2020 has been a year for the books, and these uncertain times may have you worried.
Yet, even when life gets difficult or shaky—God is unmoved.
“It’s been an unusual year,” Will Graham recently told visitors at the Billy Graham Training Center at The Cove. “But it’s been one of the greatest years of ministry that we’ve ever seen.
“That’s what God does. He never disappoints. God always has a plan.”
Graham, executive director of The Cove, recently held an in-person and virtual conference on faith, pulling from 1 and 2 Samuel. He’s been studying those books of the Bible in his personal time and with Cove staff for about eight years.
Graham believes these lessons from the life of David speak to the needs of people around the world today:
Lesson 1: Get back to God
“David was a wanted man … a hunted man,” Graham said. “His own father-in-law hates him. … And of all the places, he’s living in the wilderness.
“I can only imagine his faith being shaken.”
Yet, God continued to show up in David’s life. And through the Lord’s faithfulness, David’s own faith was renewed and his heart restored.

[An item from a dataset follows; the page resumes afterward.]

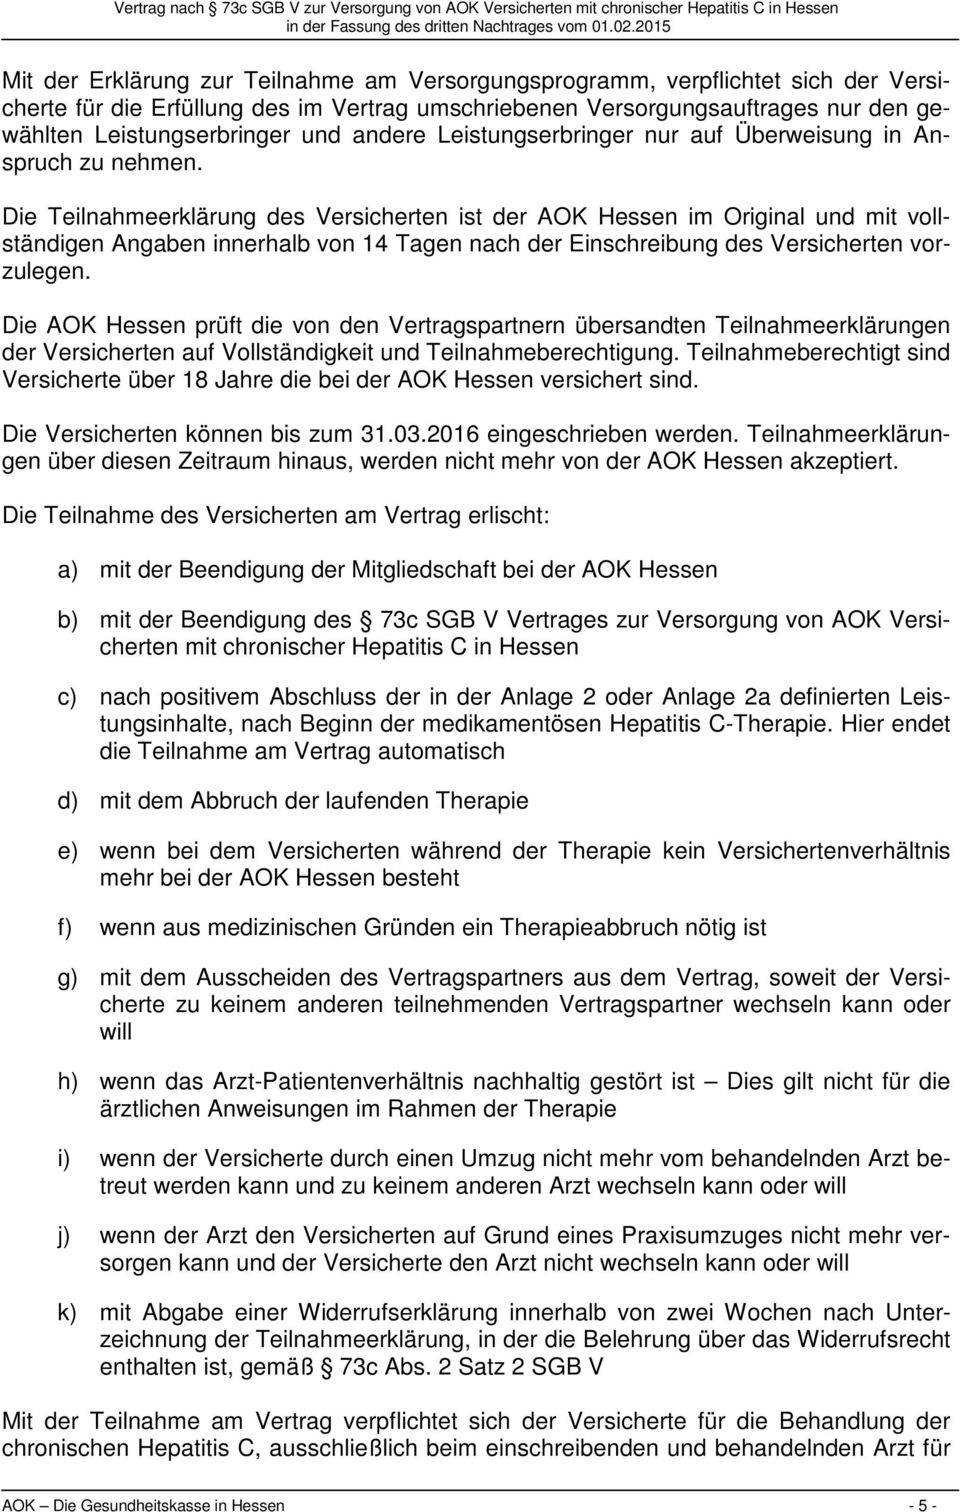 Die Teilnahmeerklärung des Versicherten ist der AOK Hessen im Original und mit vollständigen Angaben innerhalb von 14 Tagen nach der Einschreibung des Versicherten vorzulegen.

When doubt and fear creep in, making this turn back to God is key.
“Sometimes we fail to connect the promises of God with our reality. And when we’re in unstable times, that shakiness in our lives causes us to fail to connect the dots,” Graham said.
“But God is on our side. He fights our battles for us. All the angels, all the hosts of heaven fight our battles for us.”
Lesson 2: Open your eyes to divine appointments
When David was at his lowest, he started to seek revenge. He allowed the actions of those who wronged him to harden his heart.
Graham explains: “David put his faith in his sword instead of God. Things had rocked his world. … He didn’t wait on God. He said, ‘God, I’m going to take care of this myself.’”
When situations don’t go the way we expect, it can be easy to respond like David, wanting to take matters into our own hands.
But as Graham put it, God will often send someone to stop us from making “stupid mistakes.” For David, this was Abigail, the wife of his enemy, Nabal. Thankfully, David listened. And it’s a reminder that when God sends wise counsel, it’s best we do the same.
And David said to Abigail, “Blessed be the Lord, the God of Israel, who sent you this day to meet me! Blessed be your discretion, and blessed be you, who have kept me this day from blood guilt and from working salvation with my own hand!” —1 Samuel 25:32-33 (ESV)
Lesson 3: Fear leads to disobedience
Though fear is a natural response in hard times, we can’t allow fear to “run rampant” in our life, Graham warns.
“It’s in times like this that we can identify with David. Even the mightiest men have their moments of weakness,” Graham said.
“[But] when you don’t live by faith, fear is going to grab your heart. And when you have fear in your heart … you start to disobey God.”
This is proven through the stark contrast we see in 1 Samuel between Saul, the current king, and David, the future king.
Both were chosen by God. Both experienced fear. But David chose to soften his heart, while Saul did not.
“Saul’s disobedience would lead him down a path that he never came back from,” Graham said.
Lesson 4: There’s a Savior for the sin we see
Whether it’s your own actions that have you weary or the circumstances around you—steady faith is possible.
“If we’re going to live in troubling times, unstable times like we’re seeing today, then [we need to] understand our place in this world,” Graham said.
“We are created beings by God. [But] we are not God. … We’re sinful, rebellious—yet whom God loves.
“If we’re going to live in this modern world, we need to have a faith that understands [this] position.”
It’s only then that we begin to see our need for God and how fear and disobedience keep us from Him.
“That’s what I love about the Bible. It doesn’t hide sin. It doesn’t misrepresent sin. It shows it for what it is.
“Sin is a destroyer. But the Bible also gives us the answer and that’s the person and the work of the Lord Jesus Christ.”